Top of GIVEN RECORDS
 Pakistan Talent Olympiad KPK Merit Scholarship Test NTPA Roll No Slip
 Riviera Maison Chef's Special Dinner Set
Bottom of GIVEN RECORDS
Top of GIVEN RECORDS
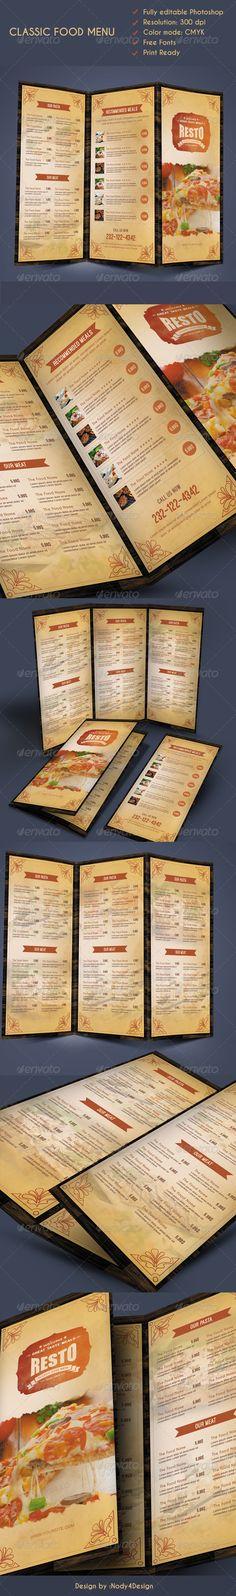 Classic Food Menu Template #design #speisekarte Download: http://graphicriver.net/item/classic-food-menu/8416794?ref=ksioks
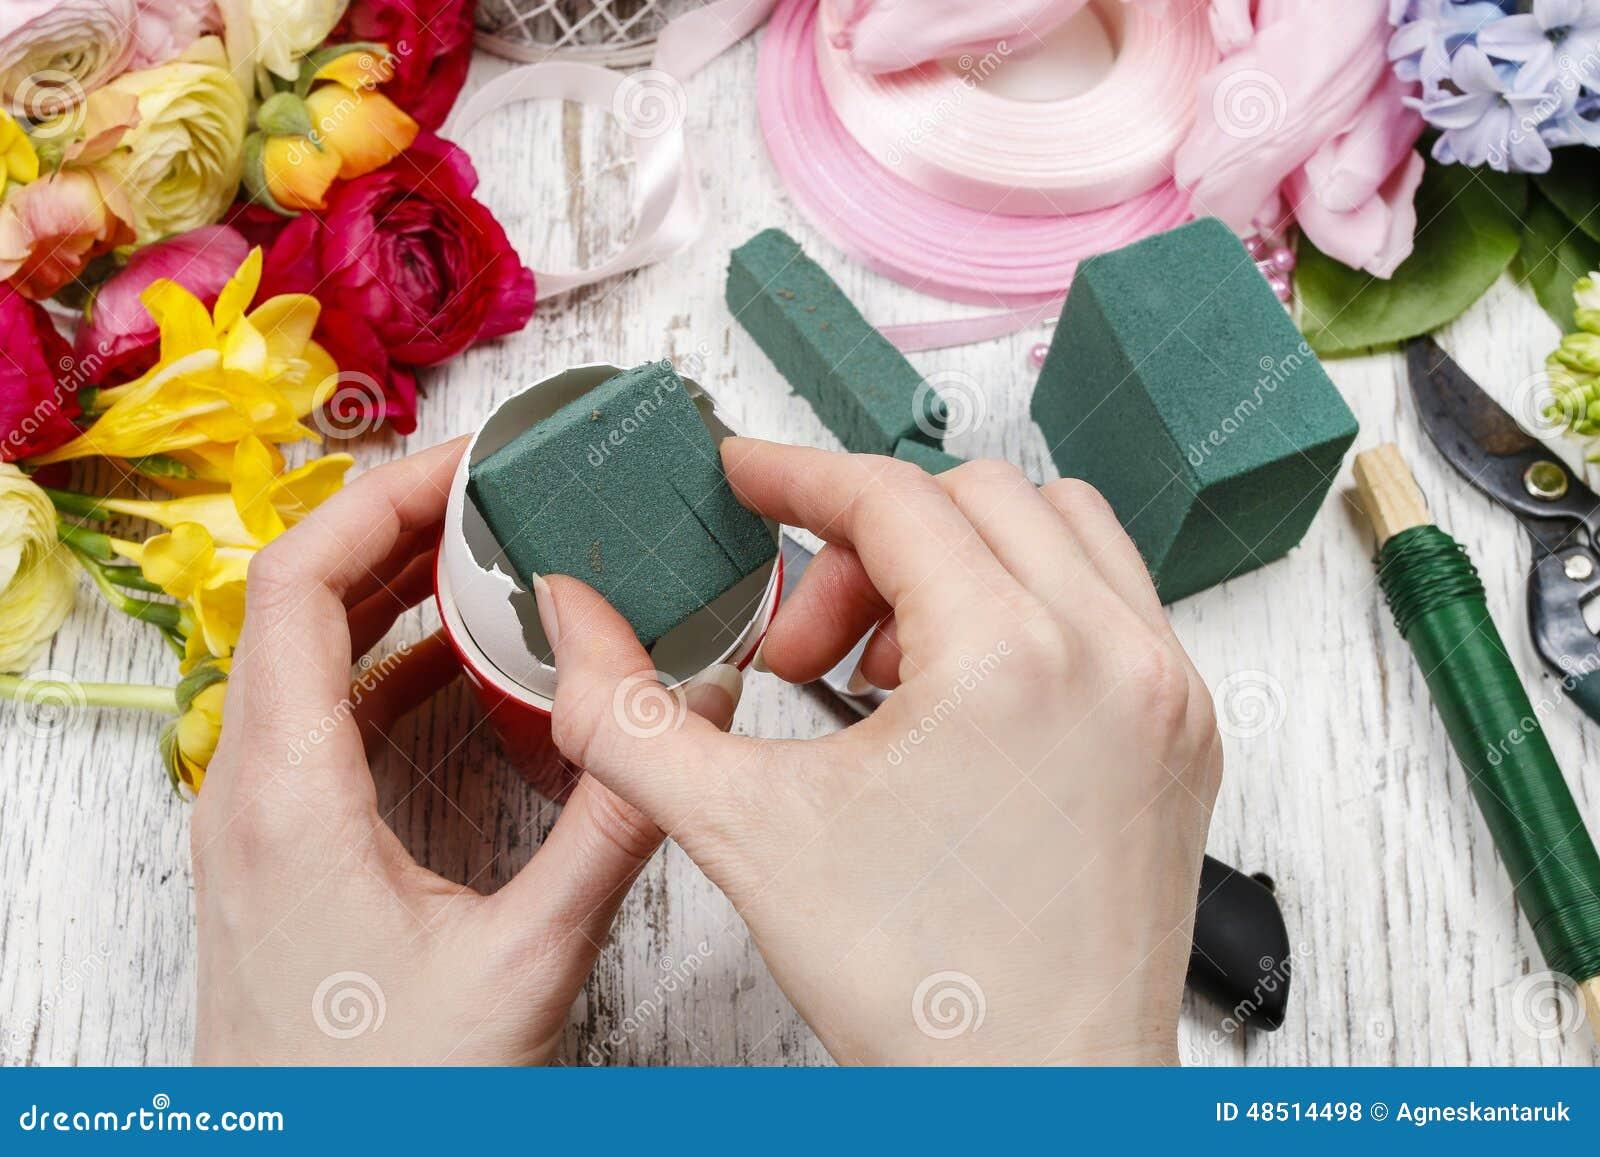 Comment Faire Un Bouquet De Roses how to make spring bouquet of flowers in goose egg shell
Bottom of GIVEN RECORDS
Top of GIVEN RECORDS
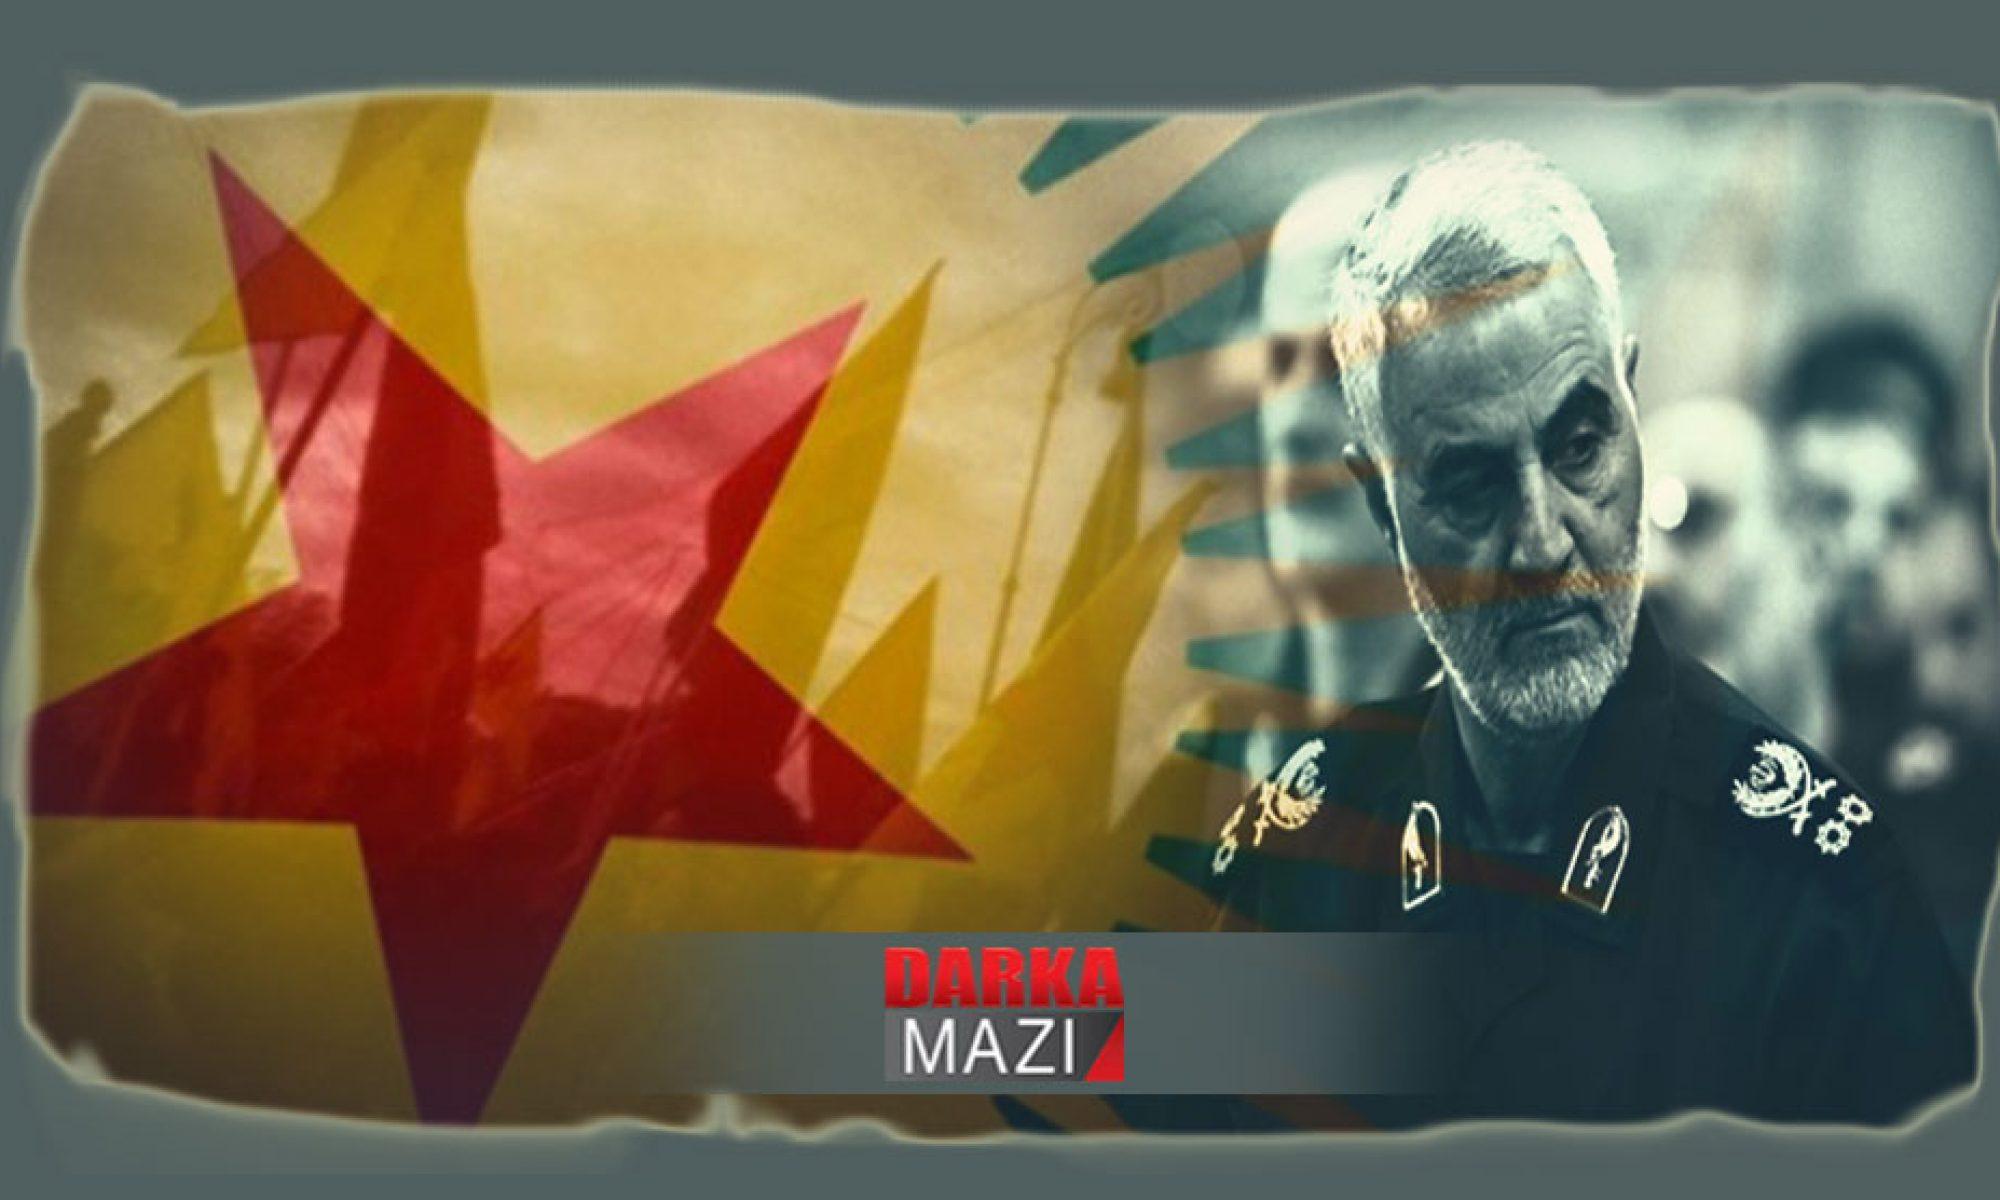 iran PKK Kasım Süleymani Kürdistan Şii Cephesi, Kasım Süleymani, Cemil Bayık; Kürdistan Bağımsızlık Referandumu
Bottom of GIVEN RECORDS
-- TRY IT --
Copy out the range of lines above starting at the line with "Pakistan Talent Olympiad" and ending at the line with "Riviera Maison Chef's Special Dinner Set", exactly and including both.

-- ANSWER SECTION --
 Pakistan Talent Olympiad KPK Merit Scholarship Test NTPA Roll No Slip
 Riviera Maison Chef's Special Dinner Set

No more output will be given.